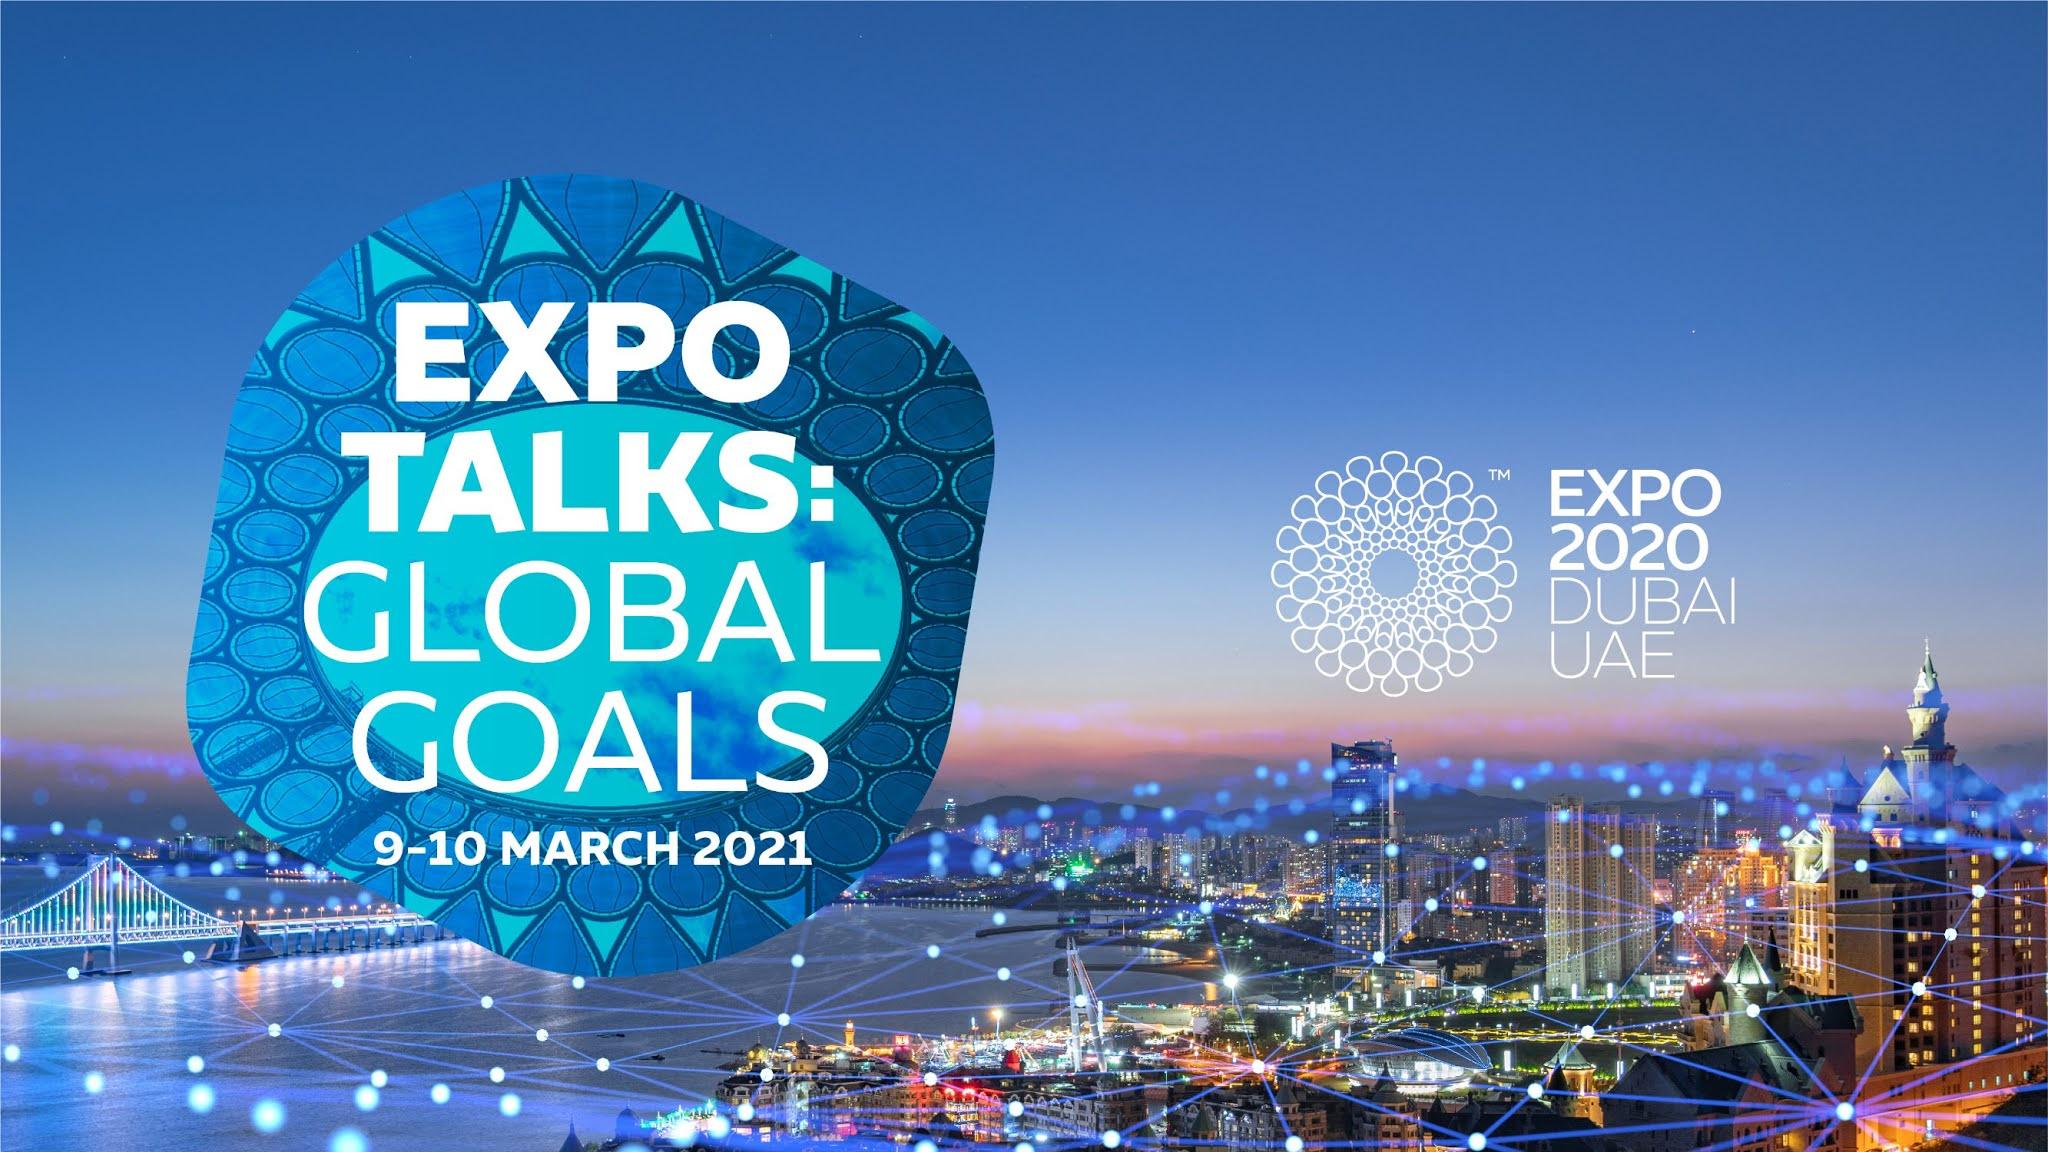 Expo Talks focuses on Sustainable Development Goals
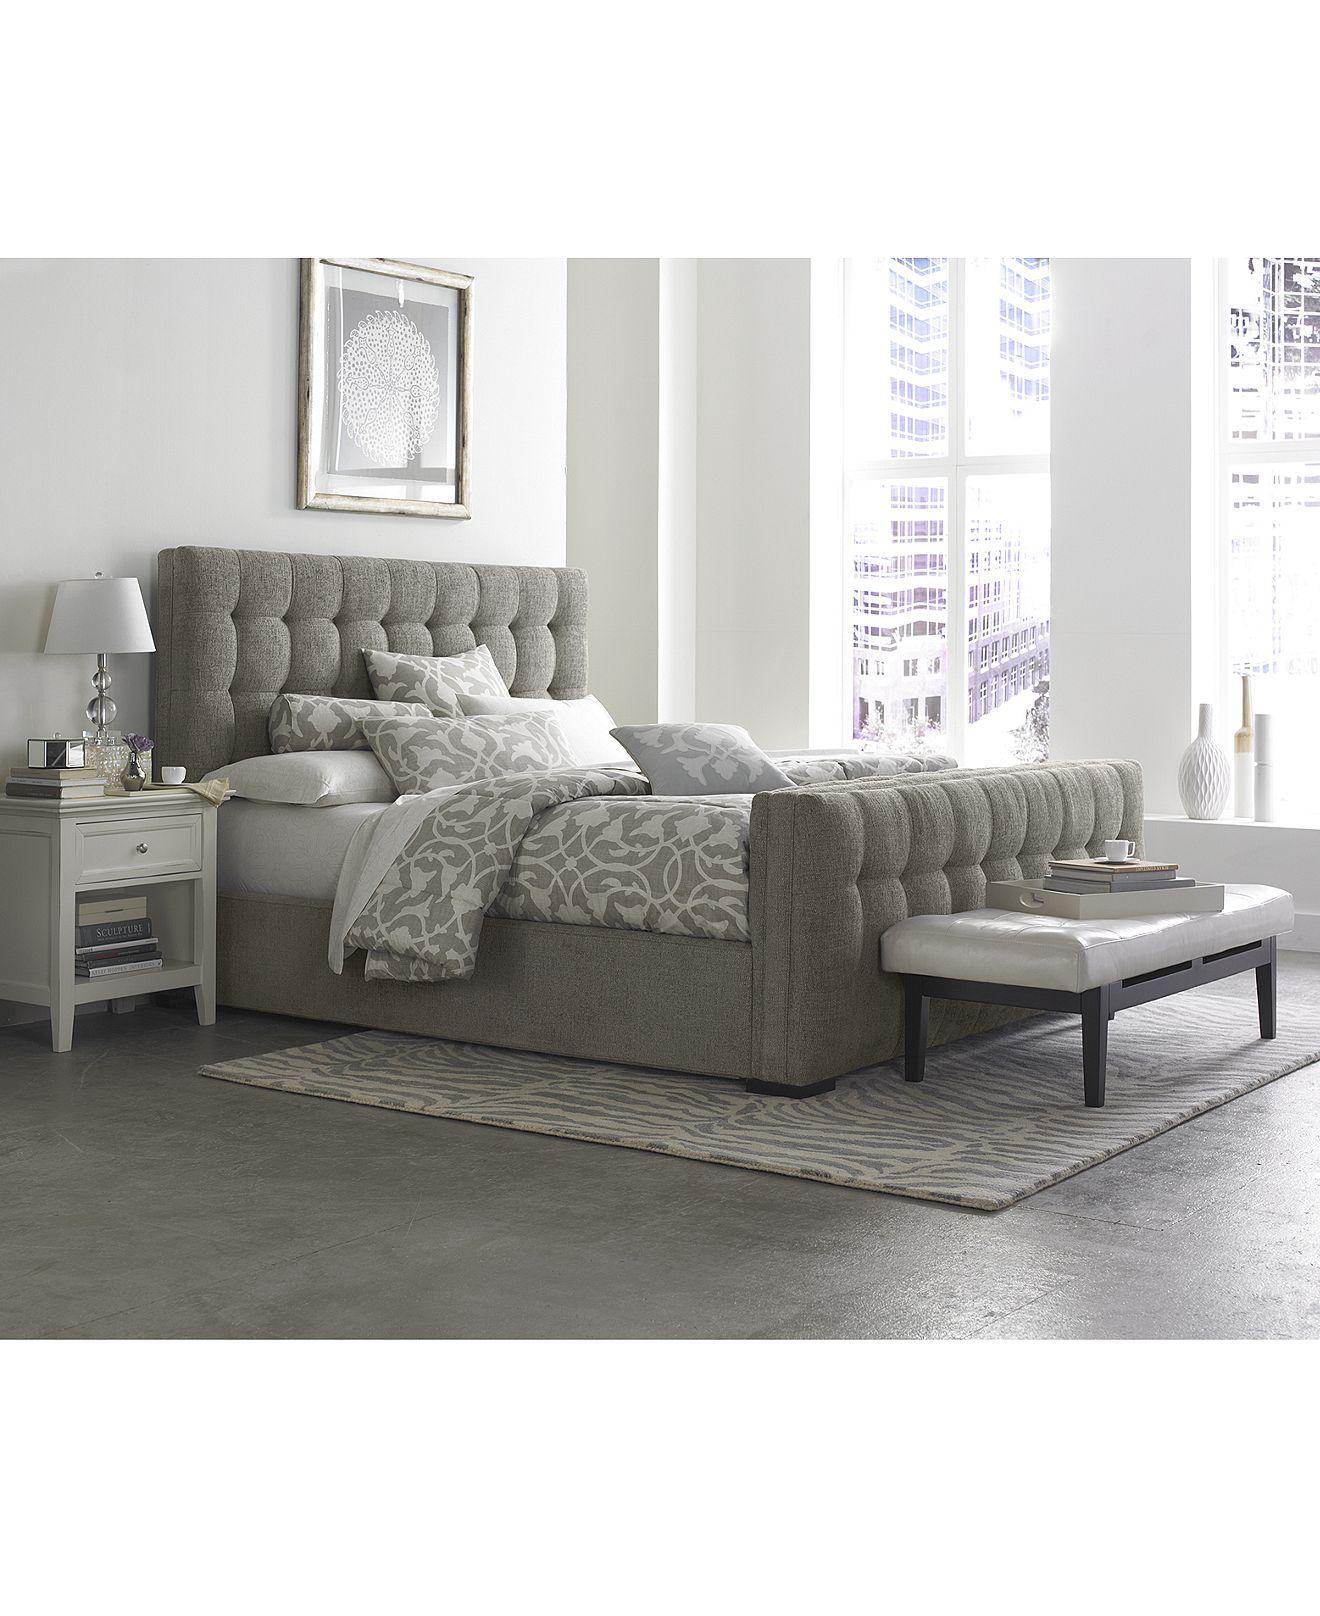 Roslyn Bedroom Furniture Set
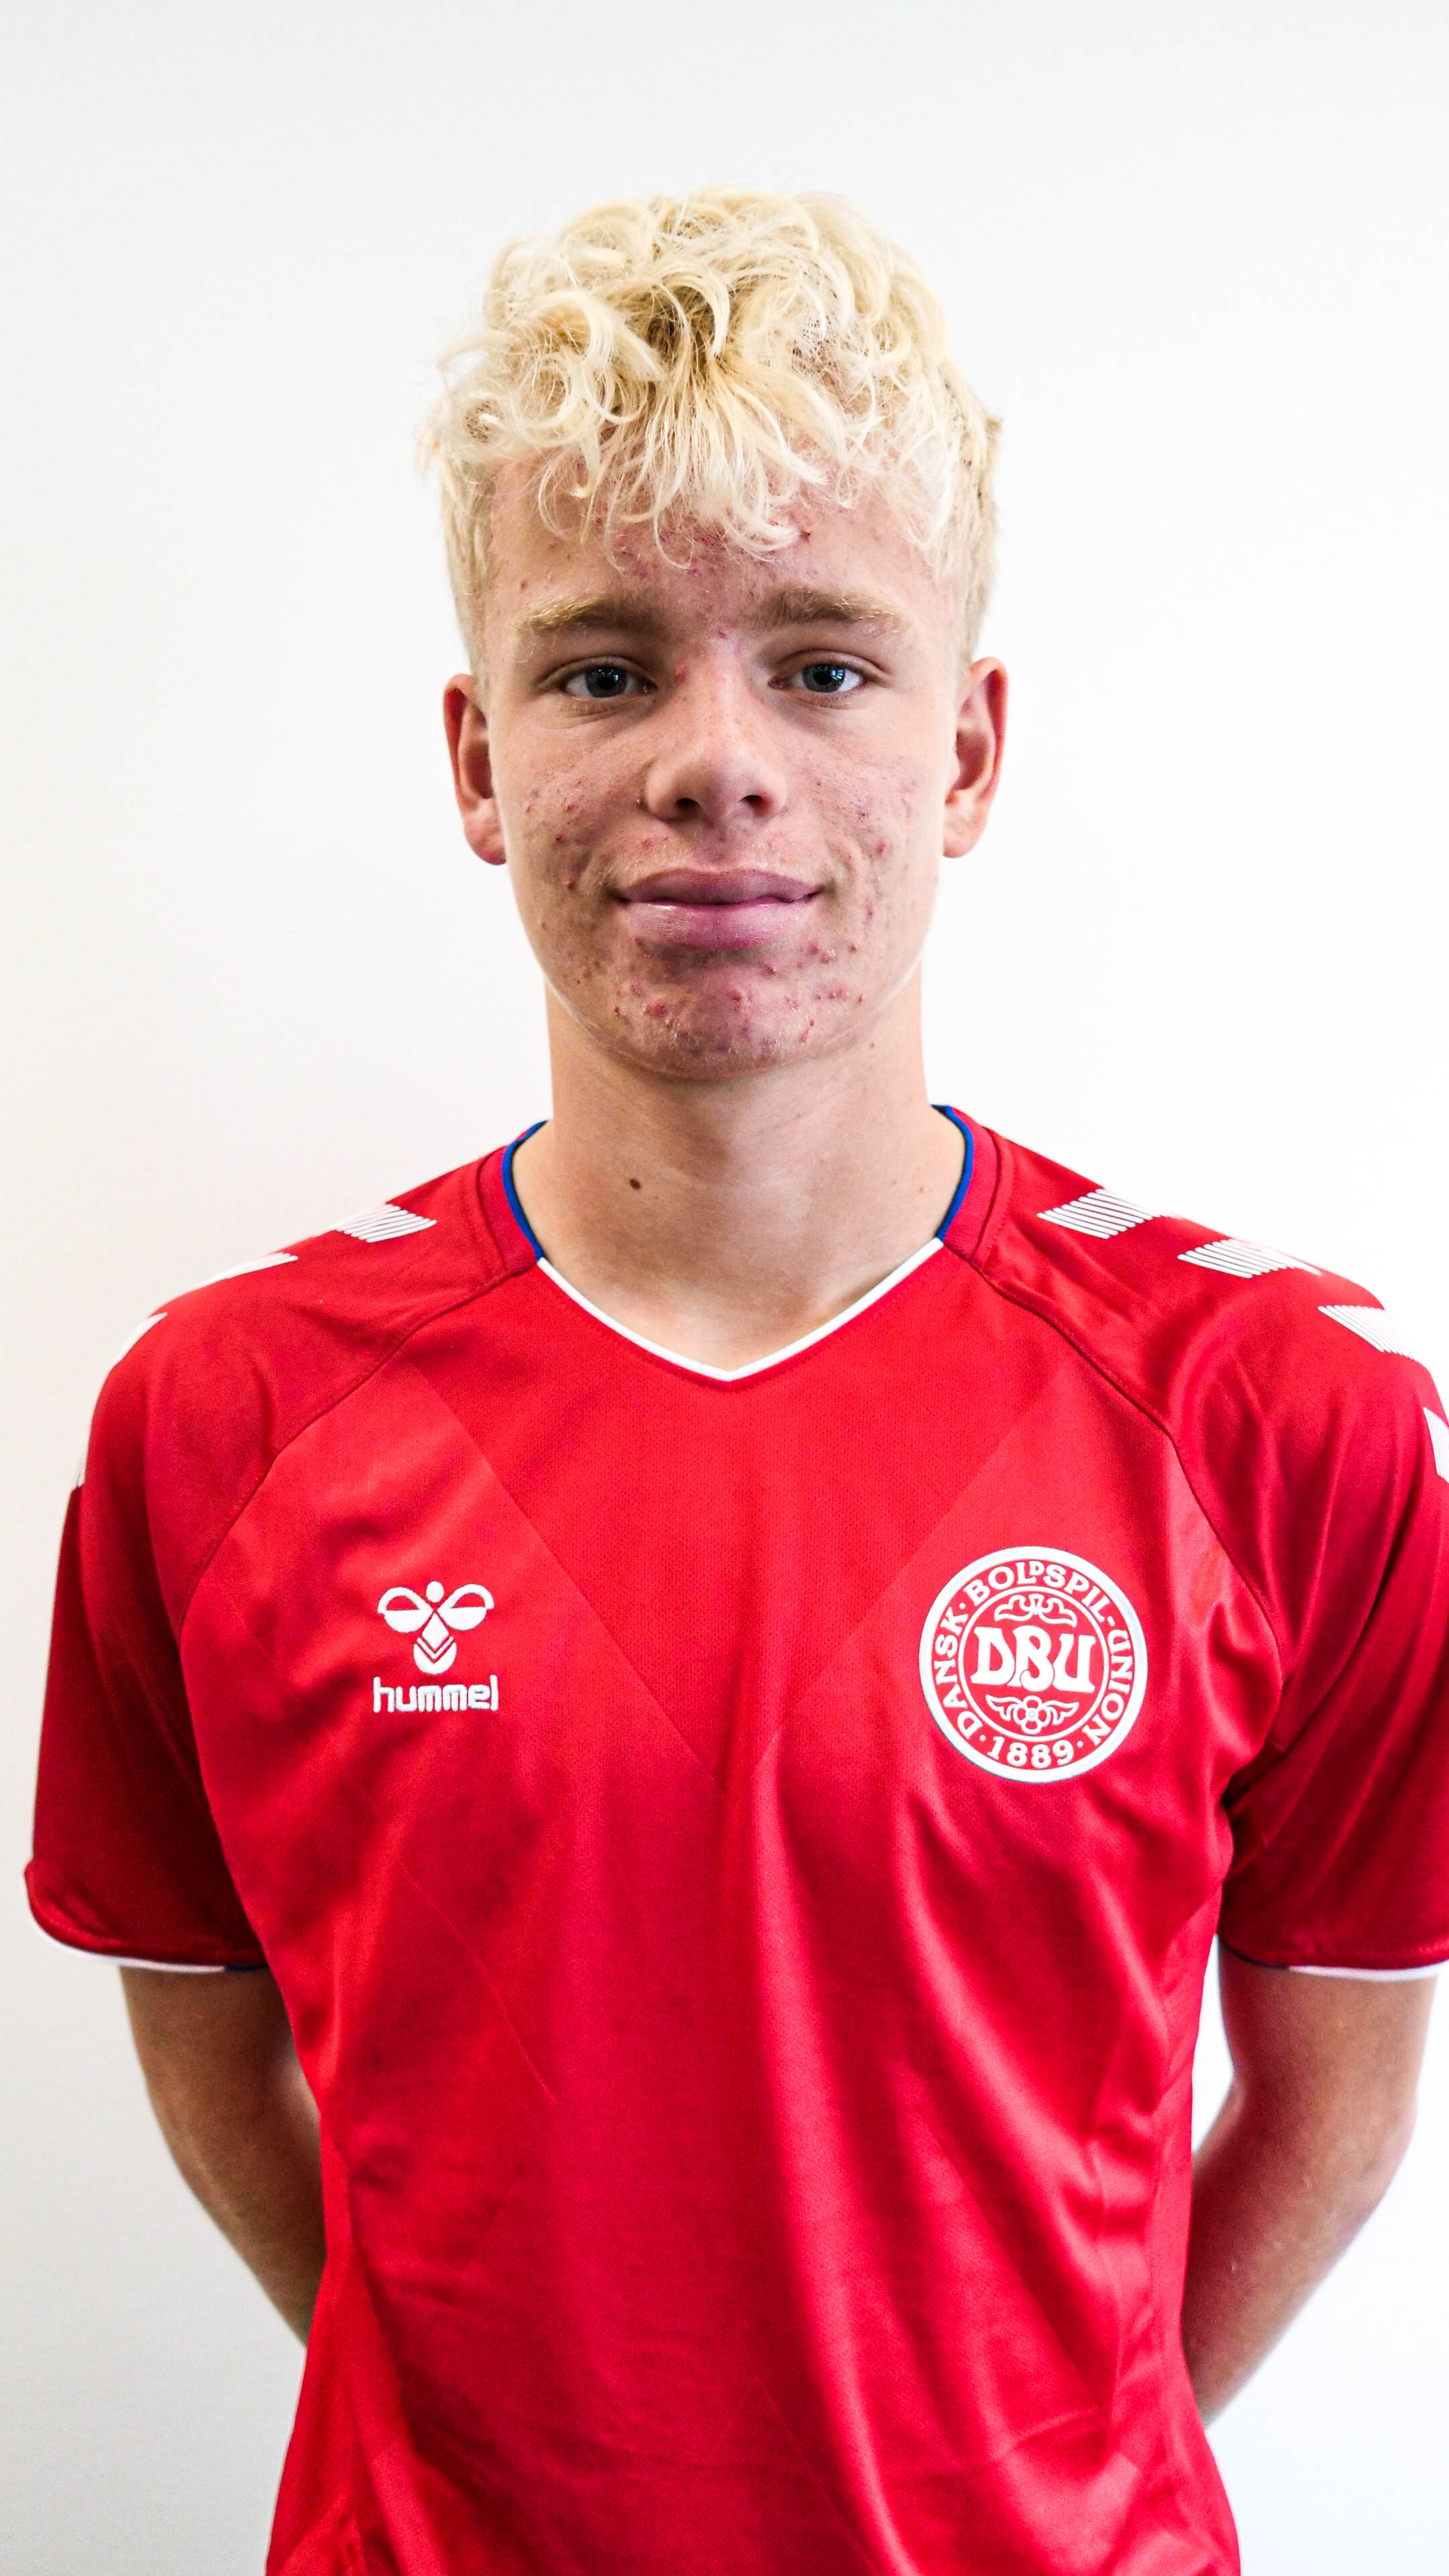 Oliver Provstgaard Nielsen

→ **YOUR INSTRUCTIONS**:
Retype the whole listing. Keep every word exact but include no pictures.

→ **SOLUTION**:
 Expo Talks focuses on Sustainable Development Goals
 Roslyn Bedroom Furniture Set
 Oliver Provstgaard Nielsen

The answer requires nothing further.